RECORDED INFORMATION:
• • • • • • •
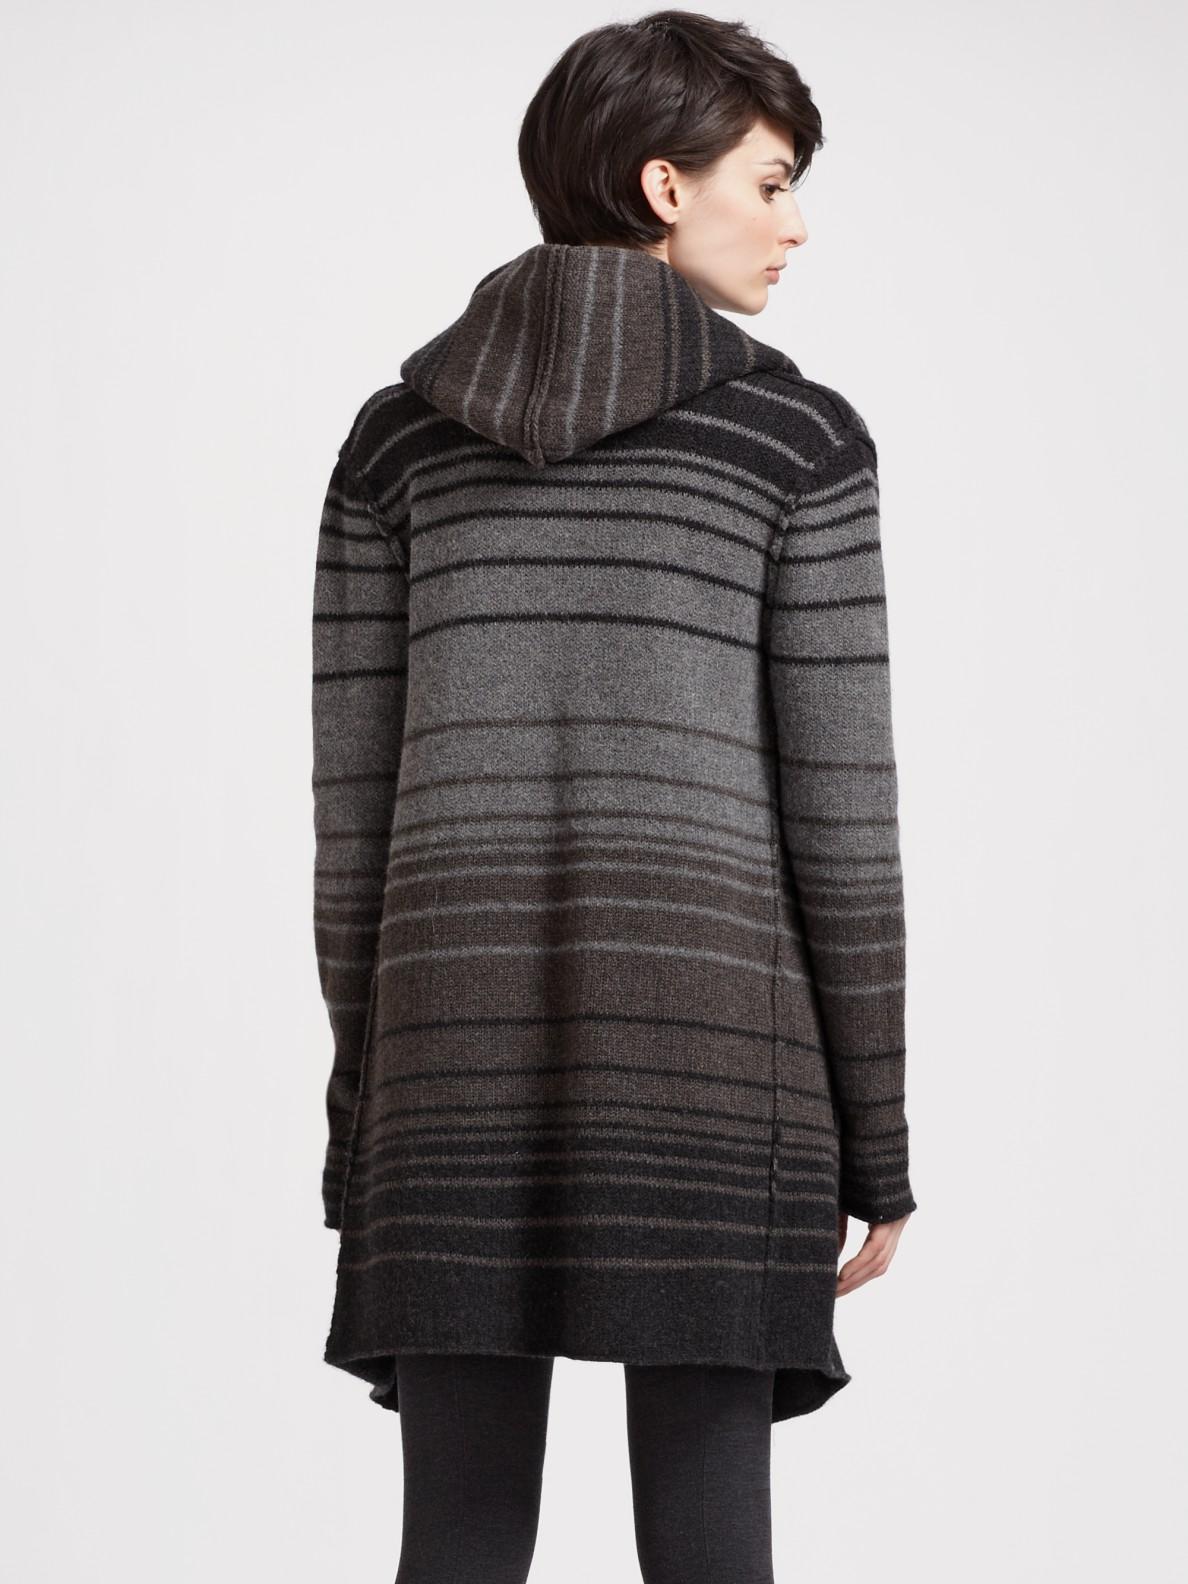 Lyst Vince Sophie Striped Sweater Coat In Black
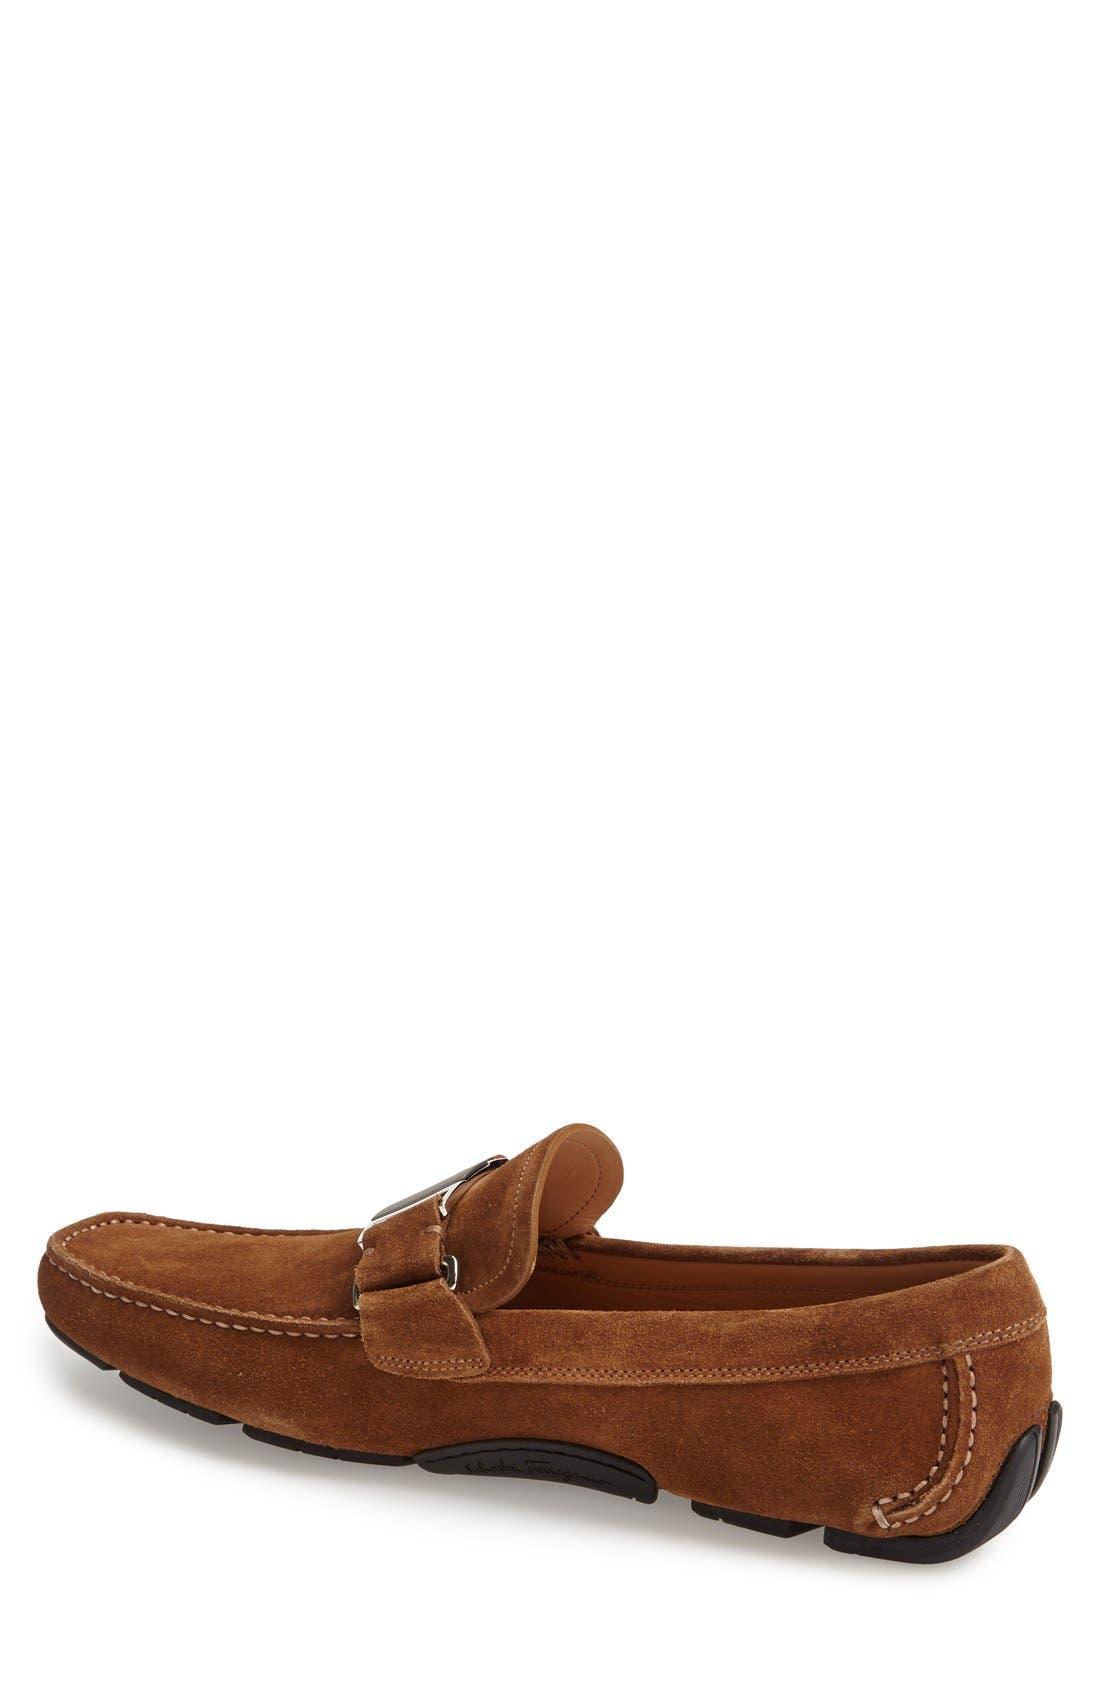 c3fcb029724 Salvatore Ferragamo Men s Loafers   Slip-ons
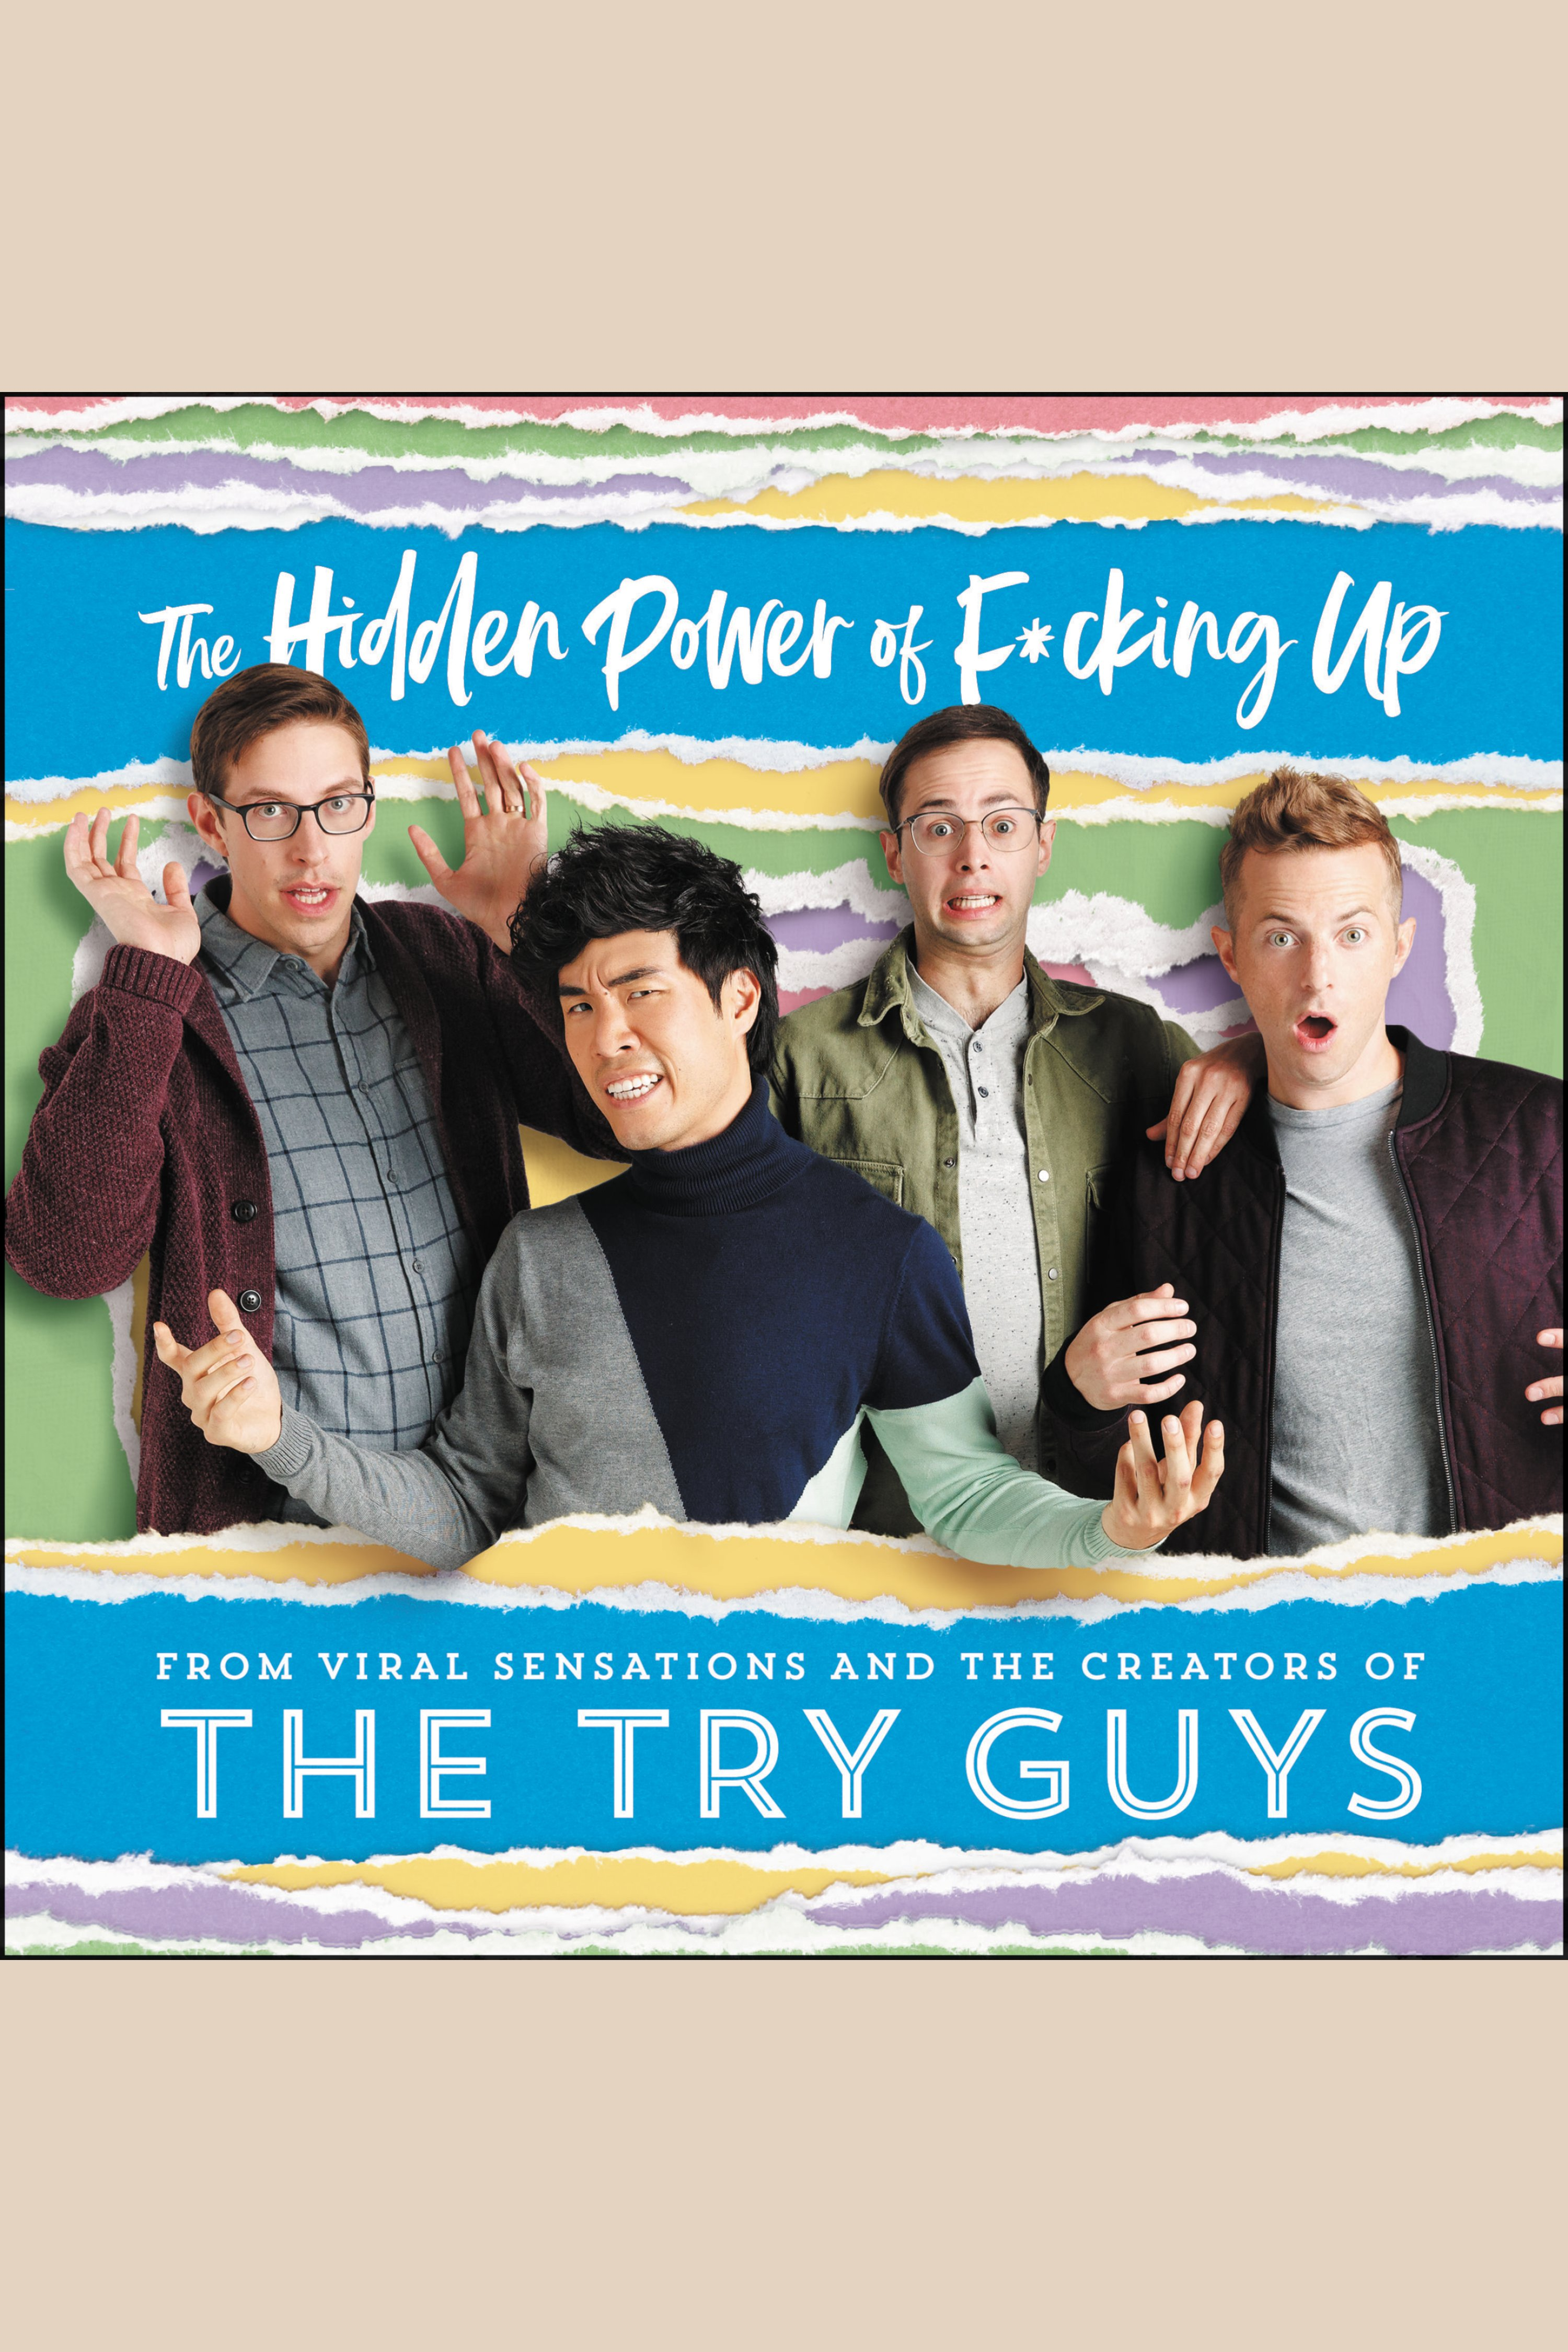 The Hidden Power of F*cking Up
• • • • • • •
Starting from the line that contains "c3fcb029724 Salvatore Ferragamo", transcribe exactly each line down to the final line of the material above, excluding every picture and adding nothing else.

TASK RESPONSE:
 c3fcb029724 Salvatore Ferragamo Men s Loafers   Slip-ons
 The Hidden Power of F*cking Up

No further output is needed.